The rupiah fell 0.2 percent to 9,883 per dollar as of 4:07 p.m. in Jakarta, according to prices from local banks compiled by Bloomberg. It touched 9,925 earlier, the weakest level since Sept. 15, 2009. One-month non-deliverable forwards dropped 0.1 percent to 10,125 after sliding as much as 1.3 percent. The contracts traded at a 2.4 percent discount to the spot rate.

First Decision

Rupiah forwards rose the most in a year yesterday after Bank Indonesia increased the deposit facility rate, also known as the Fasbi, by a quarter of a percentage point to 4.25 percent. The Fasbi rate was last raised in August.

This is Martowardojo’s first rate-decision meeting after taking over from Darmin Nasution last month, and he is contending with slowing growth, while inflation is poised to quicken as the government prepares to increase fuel prices.

His move to raise rates contrasts with that of central banks in New Zealand, South Korea and the Philippines, which held borrowing costs today.

“This came in as a strong statement by the new BI governor, particularly since some in the market had previous doubts about his independence from the government,” said Gundy Cahyadi, an economist at Oversea-Chinese Banking Corp. in Singapore. There may be another 25 basis-point increase in the benchmark rate in the next session, he said.

Capital Outflow

Brazil said yesterday it will eliminate a tax on currency derivatives in a bid to arrest the decline of the real that is at a four-year low. Overseas investors have pulled more than $2 billion from stocks and local-currency bonds in Indonesia in the past two weeks, putting pressure on the rupiah as rising U.S. Treasury yields lure capital from emerging markets.

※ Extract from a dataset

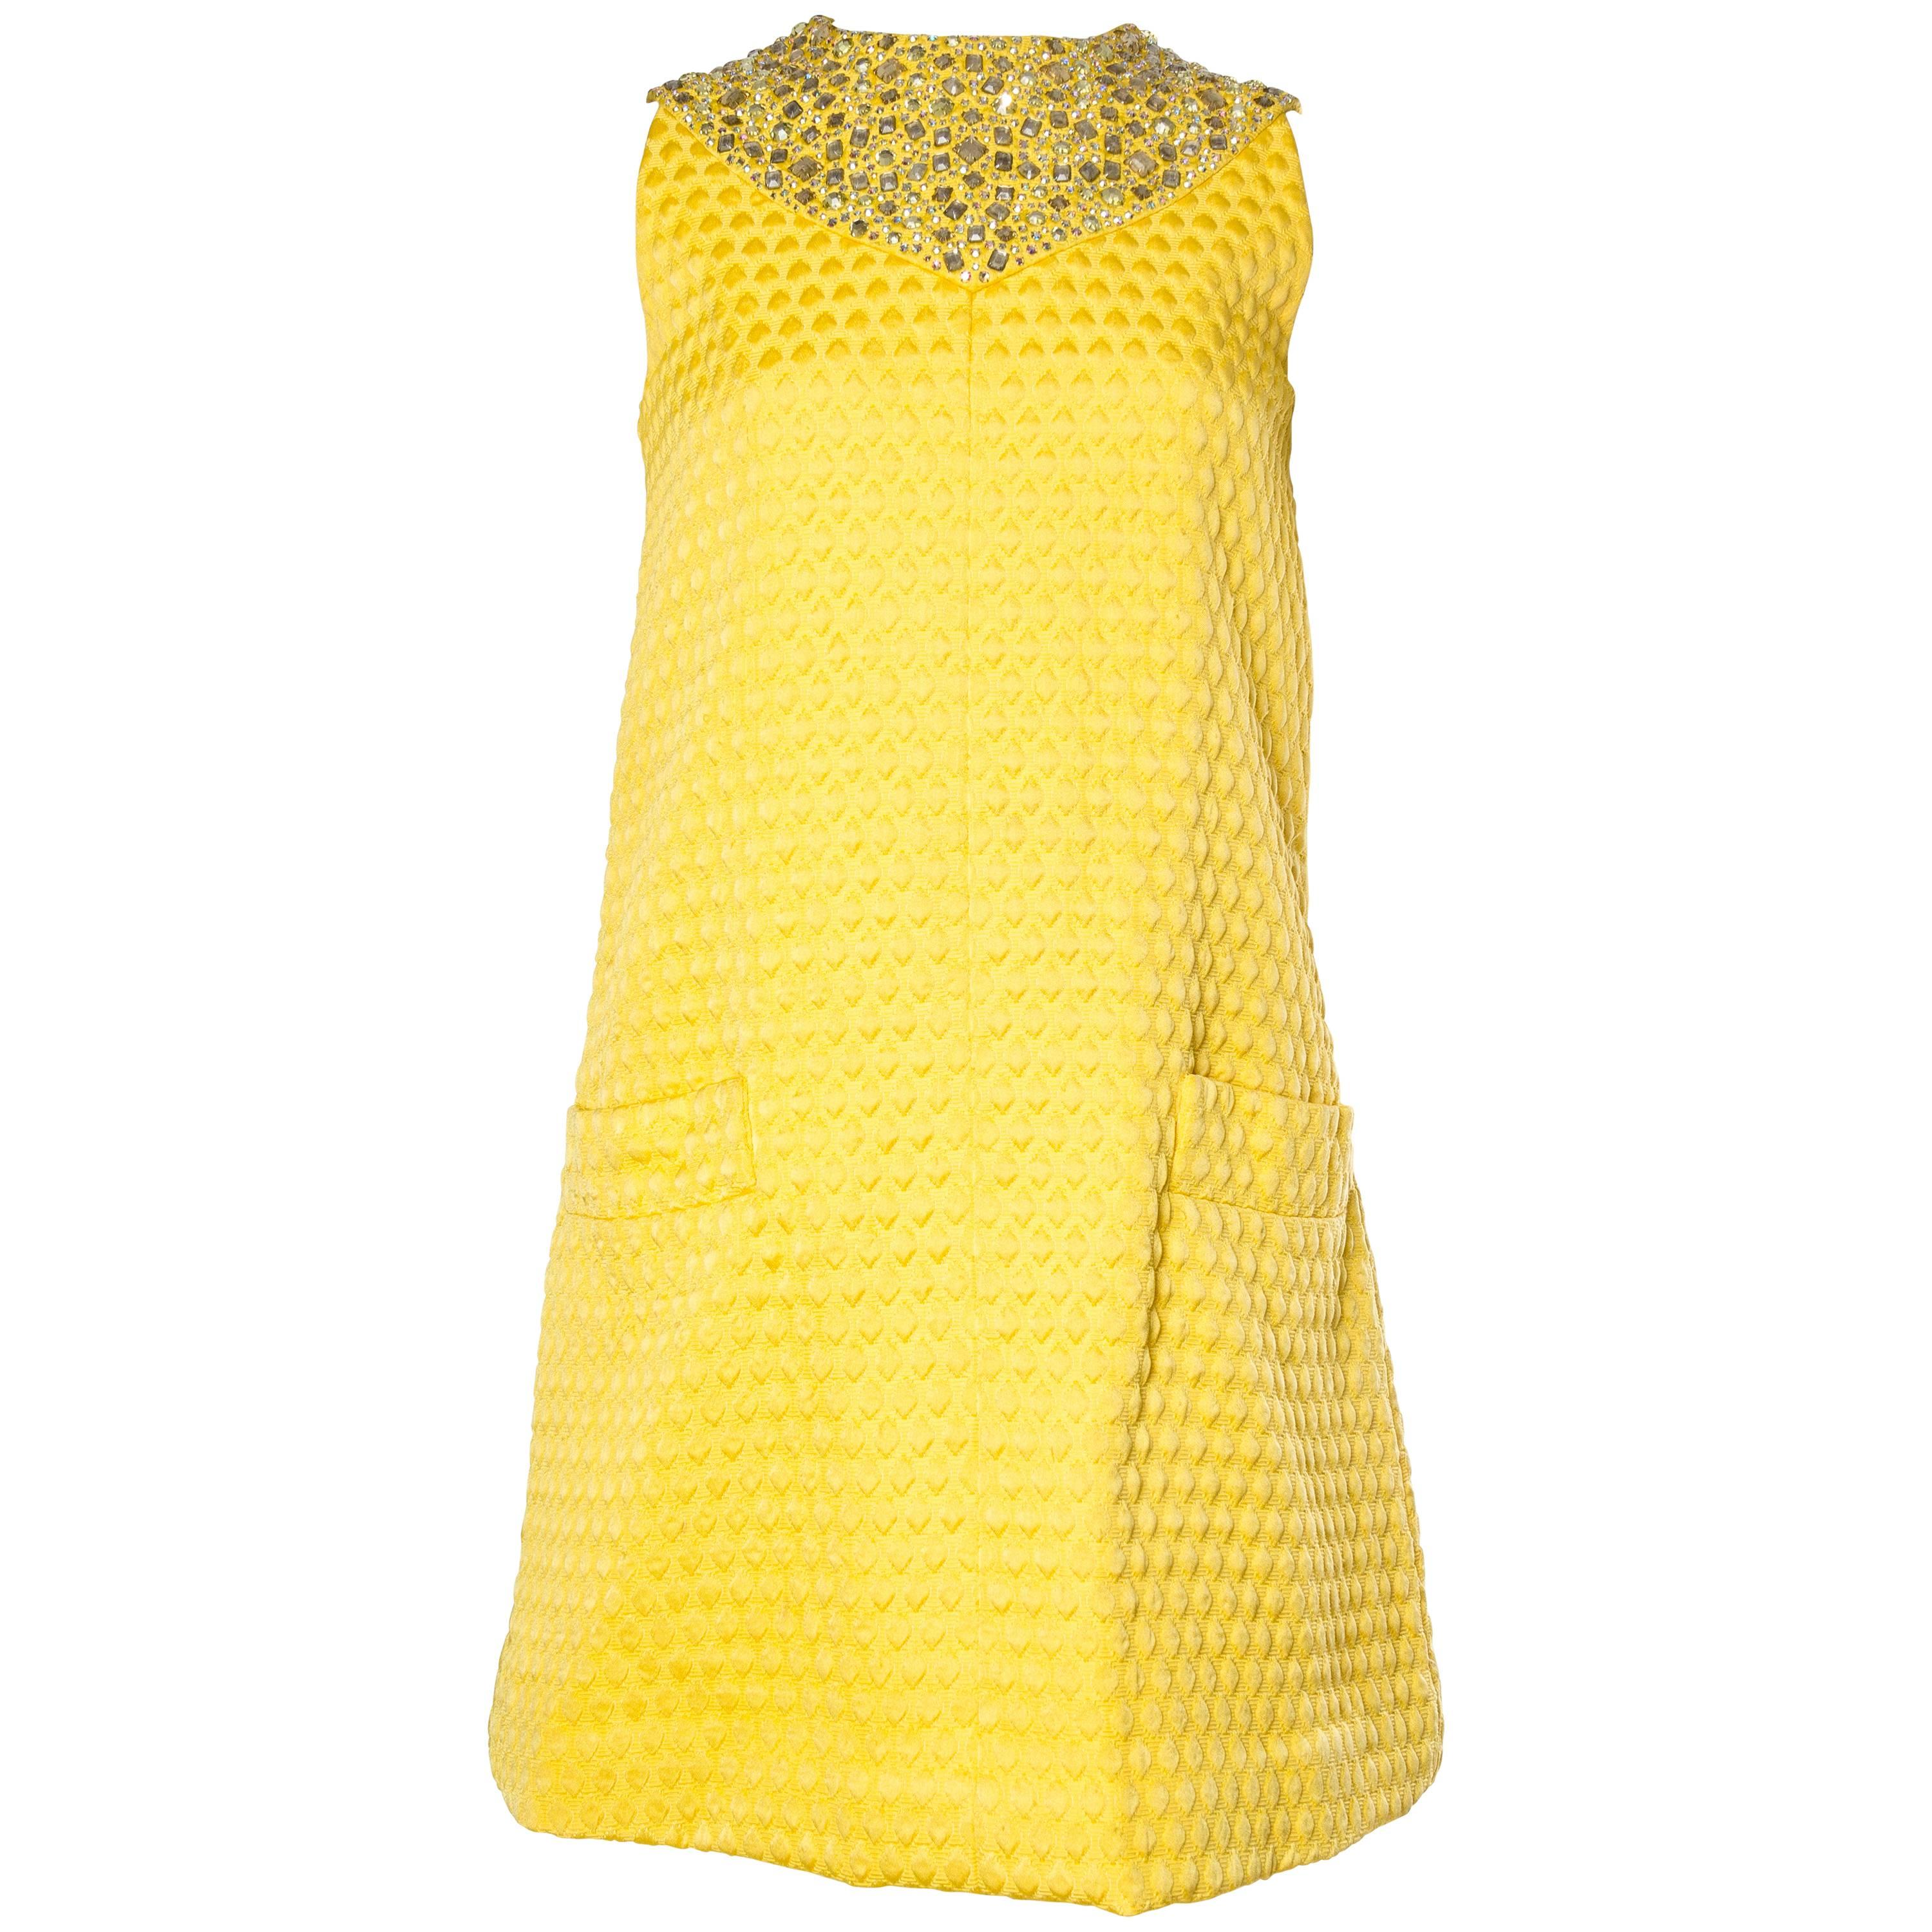 1960 OSCAR DE LA RENTA Yellow Geometric Rayon Blend Matelassé Cocktail Dress Wi

Bank Indonesia is studying plans to allow banks to sell their rupiah term deposits to other lenders to ensure rupiah and dollar stability in the market, Deputy Governor Perry Warjiyo told reporters in Jakarta today.

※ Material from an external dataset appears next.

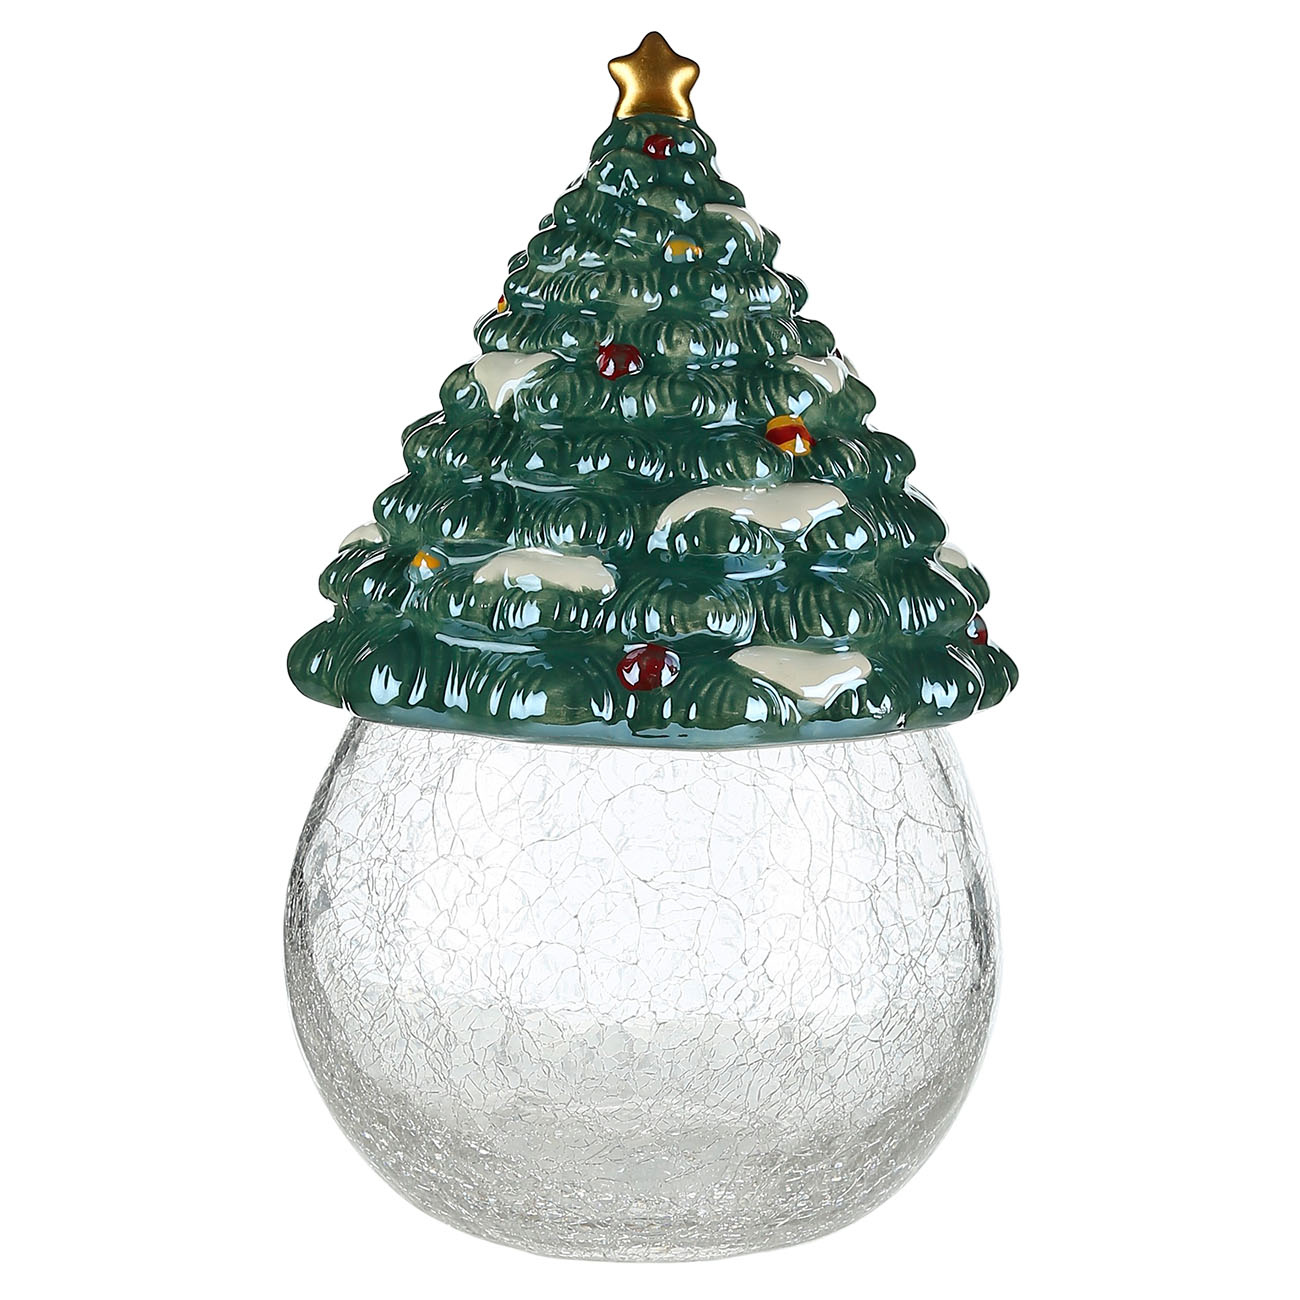 Конфетница, 25,5 см, керамика/стекло, зеленая, Елка со звездой, Christmas glaze - фото 1

Thai Finance Minister Kittiratt Na-Ranong said today the country should use its foreign reserves as a “cushion” to prevent excessive movements in the baht. Bank of Thailand Governor Prasarn Trairatvorakul said the central bank has sold “a certain amount of dollars” in the past week to smooth volatility in its currency.

Global Outlook

The World Bank yesterday cut its global growth forecast for this year after emerging markets from China to Brazil slowed more than projected, while budget cuts and slumping investor confidence deepened Europe’s contraction.

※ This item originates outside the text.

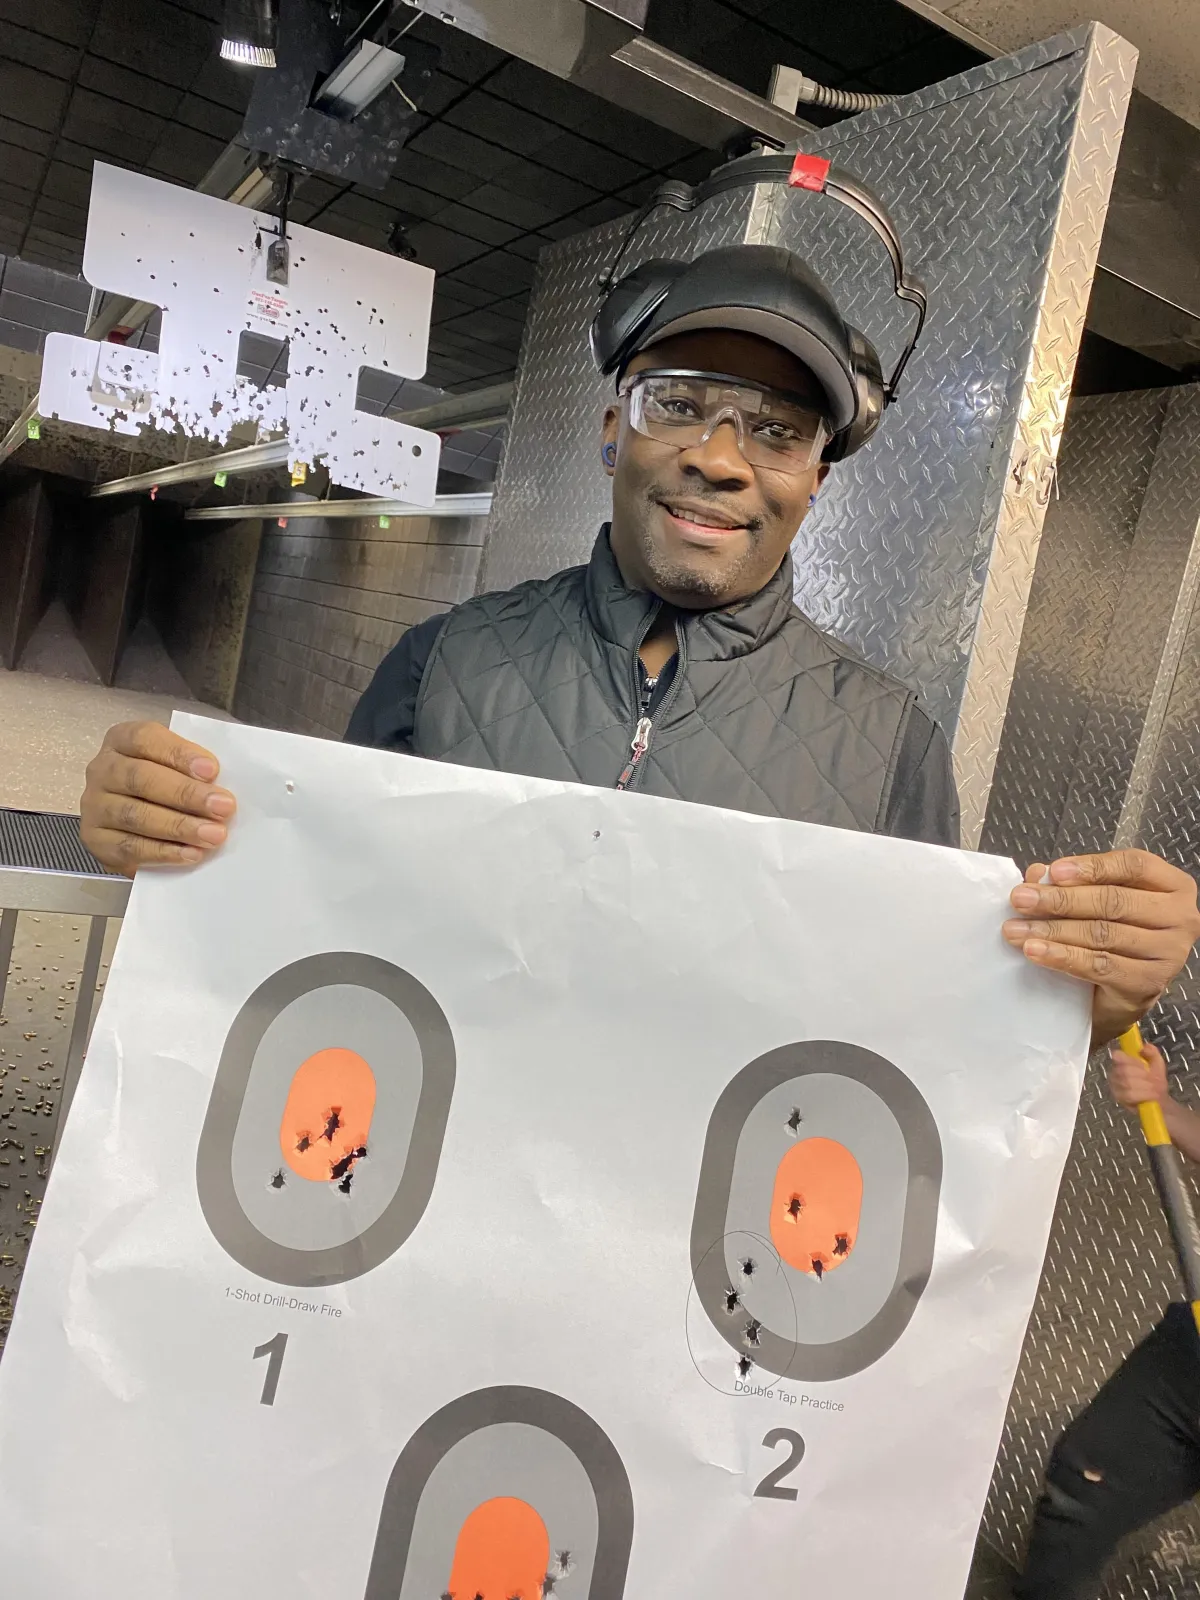 Male student holding target at gun range

The Indonesian economy grew 6.02 percent in the first three months of 2013 from a year ago, after expanding 6.11 percent the previous quarter. The government earlier lowered its GDP target for 2013 to 6.3 percent from 6.8 percent, and predicts inflation will quicken to 7.2 percent this year from an initial estimate of 4.9 percent should fuel prices be raised.

Consumer prices rose 5.47 percent in May, with the pace of gains slowing for a second month.

President Susilo Bambang Yudhoyono has made any boost in fuel prices conditional on Parliament approving compensation programs for the poor. Failure to lower subsidies in 2012 led to a record current-account gap, hurting the rupiah as foreign investors lost confidence.

The central bank is “moving toward a tightening bias” as the planned fuel-price increase adds risks to inflation and economic stability, Warjiyo said May 22. Raising the benchmark rate would be the “most credible” response to damp price expectations, Deputy Governor Halim Alamsyah said in an interview this month.

“Today’s BI rate hike and the Fasbi rate hike are steps in the right direction and clear short-term positives for the rupiah,” Standard Chartered Plc analysts Eric Sugandi, Jennifer Kusuma, Thomas Harr wrote in a note. “We expect BI to become more aggressive in its policy to manage inflationary pressures and defend the rupiah.”